Arda Ezer
ARdaQue
Yalnız aslan
Jason Keep sezon bitip Amerika'ya döndüğü zaman Türkiye'de geçirdiği yarım sezonu arkadaşlarına anlatacak. Sanırım o sohbetler sırasında kimsenin kendisine inanmayacağını düşünmüş olmalı ki hemen yaşananları kayıt etmek istedi. 27. dakikada tribünlerin boşaltılma kararı üzerine dışarı çıkmak istemeyen G.Saray seyircisi polisle çatışırken, Keep hızla sahadan çıkıp soyunma odasına yöneldi. Hemen geri gelerek elindeki görüntü kaydetme özelliği olan cep telefonuyla olayları uzun süre çekti. Sanki UFO gördüğü ama arkadaşlarına anlatırken kendisini deli sanmasınlar diye somut kanıt arayan biri gibiydi. Yanına gelen takım arkadaşı Umut Tınay onu gülümseyerek izleyip "boşver" der gibisinden bir hareket yaptı. Biz Türkler uzay üssünde yaşadığımız için UFO görmeye çok alıştık galiba. Keep ne yazık ki salonda maçın kalan bölümünü oynamak zorunda olduğu için salonun dışında iyice kızmış G.Saray taraftarının polisle girdiği çatışma ve park halindeki otomobillere yaptıklarını görüntü arşivine ekleyemedi.
Maç sonrası G.Saray Başkan Yardımcısı Turgay Kıran, "Sahaya sadece 3-4 tane pet şişe atıldı. Diğer salonlarda bunlardan daha beteri oluyor ama sadece bizim seyircimiz dışarı çıkarılıyor. Olayların hepsinin sorumlusu bu kararı veren hakemlerdir" dedi.

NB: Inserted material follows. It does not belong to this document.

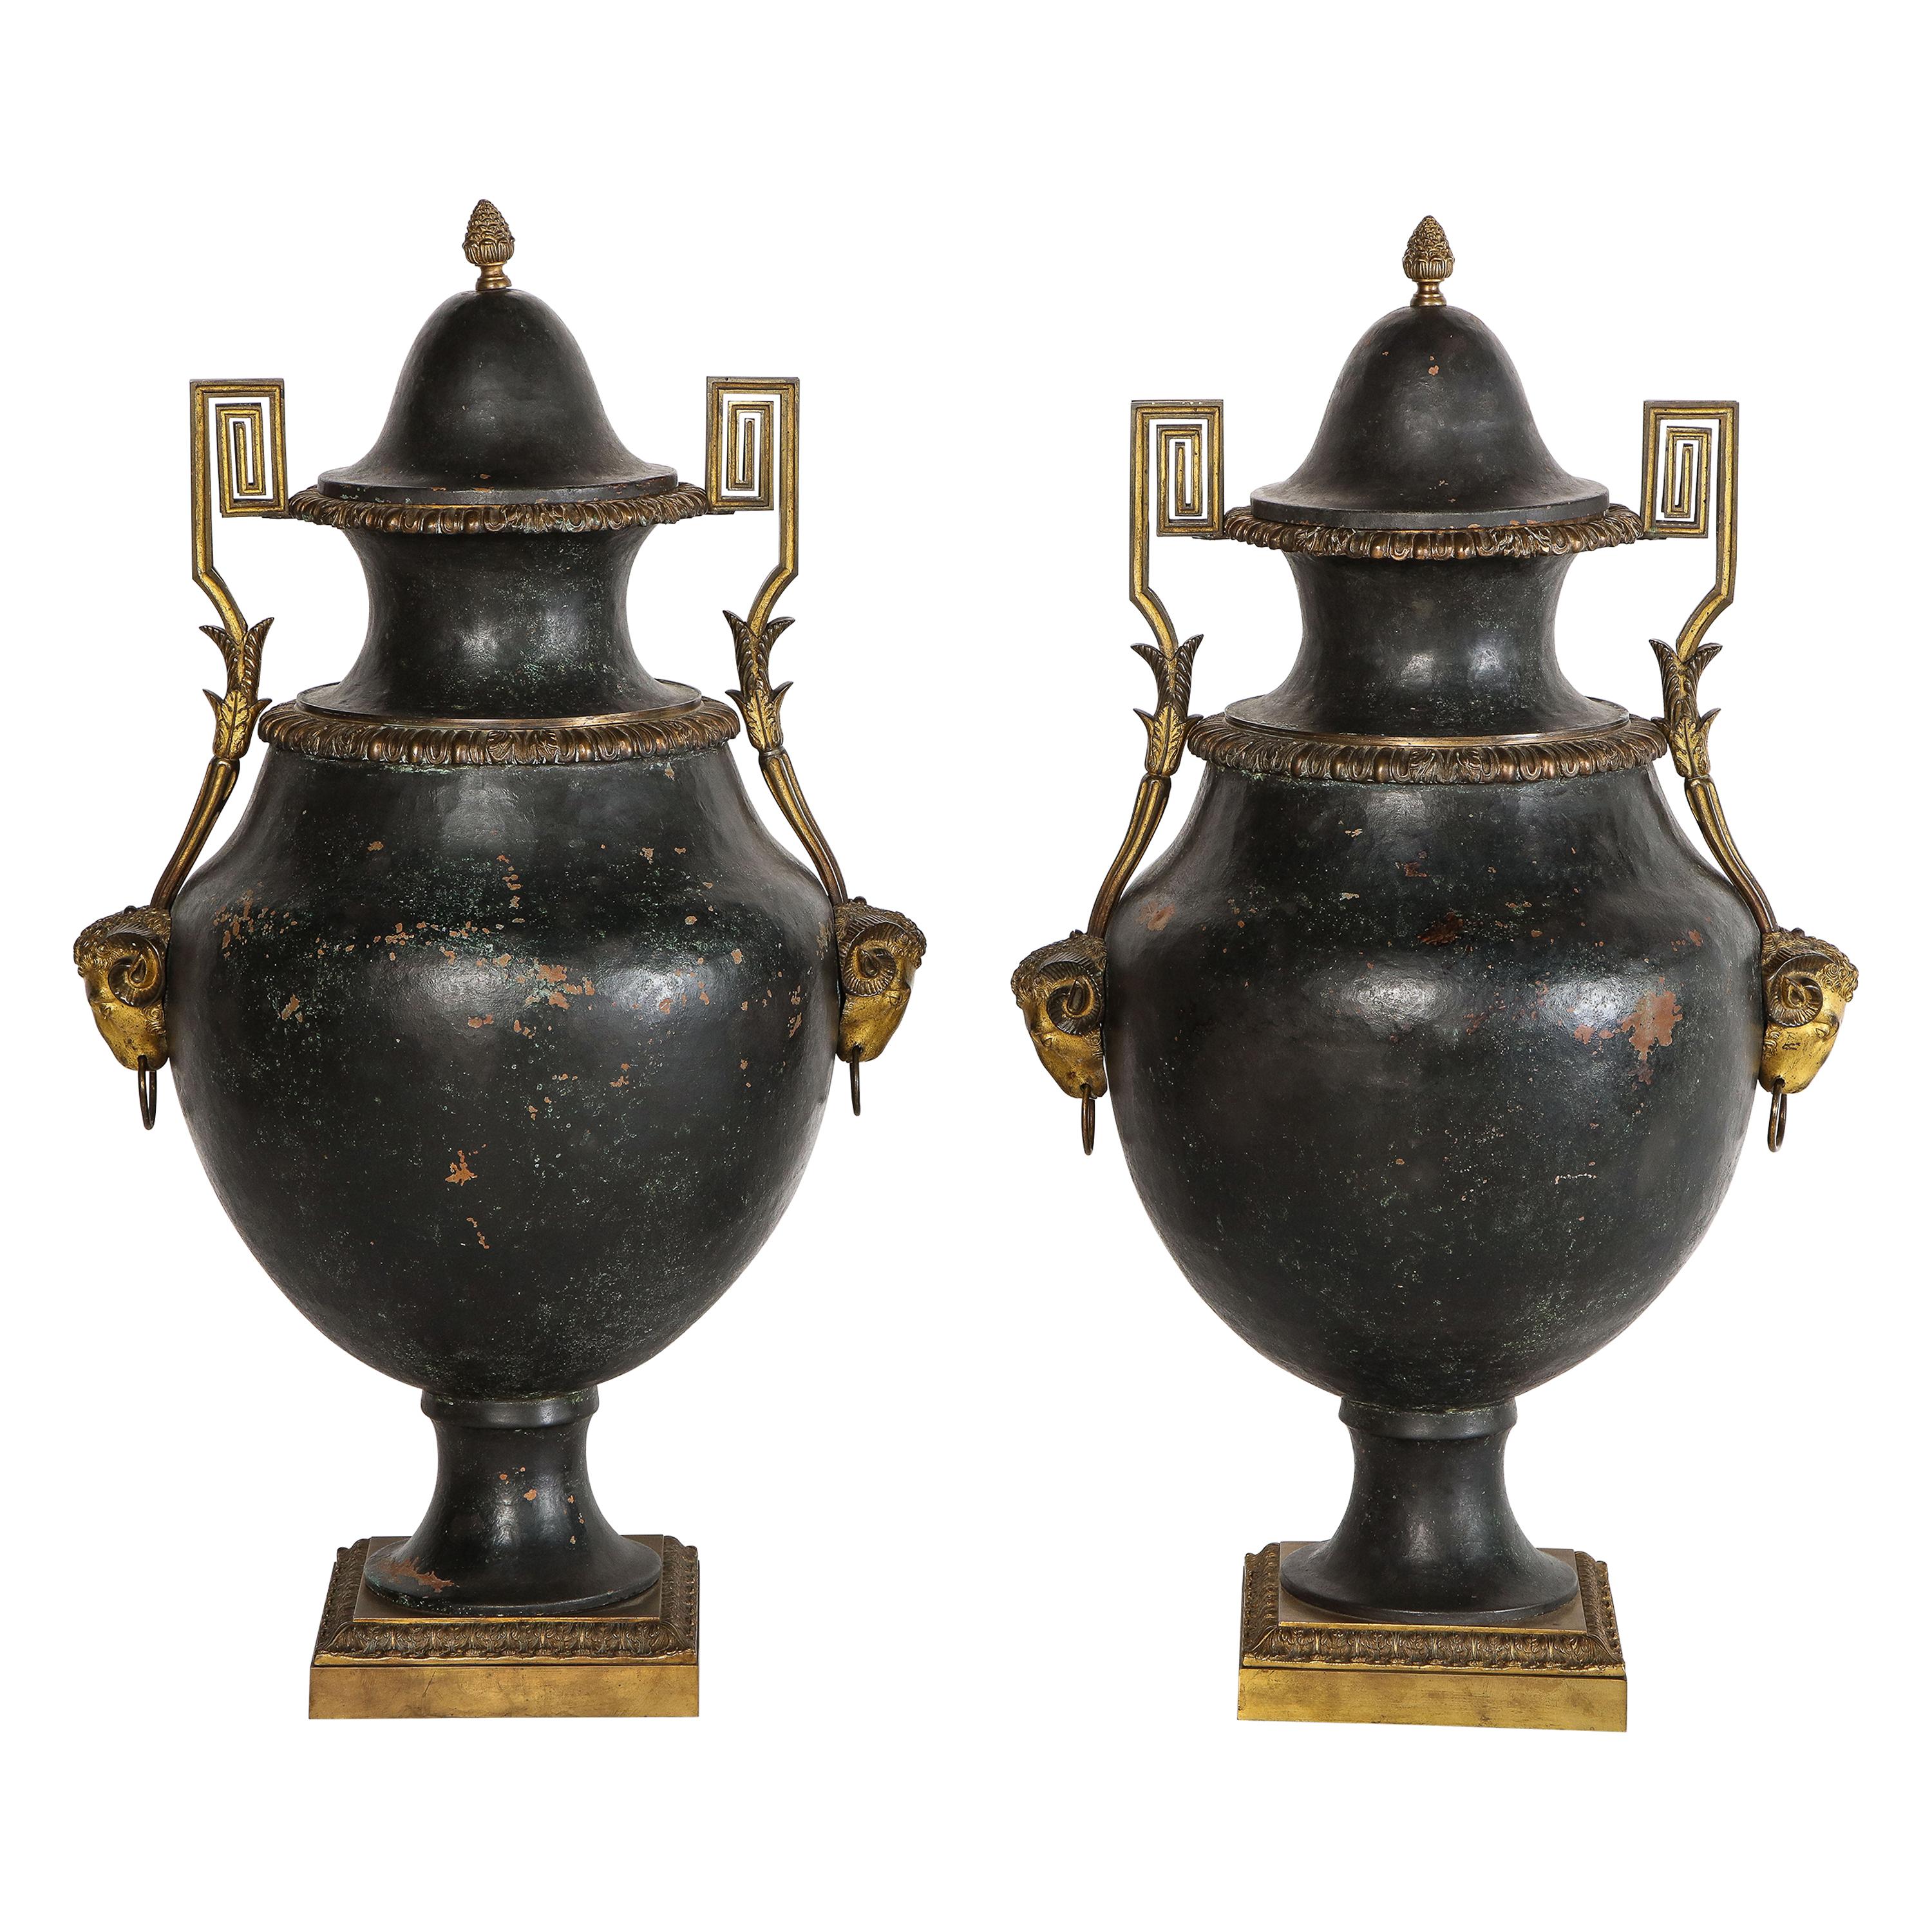 Pair of Painted Tole and Dore Bronze Mounted Neoclassical Style Covered Vases

Haklı olduğu bir taraf var elbette. Gerçekten de başka sahalarda daha beterleri oldu. Ancak sayın Kıran'ın atladığı önemli bir konu var. Hatanın tekrarı bunu meşru kılmaz. Eğer hatalı bir hakem varsa bu diğer maçlarda iş çığrından çıkana kadar salonları boşaltmayanlardı. Ayrıca sahaya atılanlar sadece 3-4 pet şişe ile kalmadı. Ses bombaları, ayran kutuları (bir tanesi F.Bahçe Koçu Aydın Örs'e isabet etti), cepte taşınabilen her türlü madeni para, çakmak, kalem vs ve nihayet bir cam şişe de vardı. Spor yapılan ortama direkt yapılan bu müdaheleler karşısında oldukça otoriter olduğu bilinen hakem Engin Kennerman ve saha komiseri Ömer Ozan önce tribünleri uyardılar. Daha sonra soyunma odasına gittiler ve anonsla olayların tekrarı halinde tribünlerin boşaltılacağı uyarısında bulundular. Olaylar yine tekrar ettiğinde salon boşaltılacakken yeniden ikna edildiler ama uyarıyı tekrarladılar. Son olarak 27. dakikada bir hücum faul düdüğünden sonra sahaya uçan 4-5 pet şişeyi görünce salonun boşaltılmasına karar verdiler. Umarız bu karar bir emsal teşkil eder. Çünkü salonlarda sayın Kıran'ın da belirttiği gibi "daha beterleri" de olmaya başladı ve terör gün geçtikçe tırmanıyor.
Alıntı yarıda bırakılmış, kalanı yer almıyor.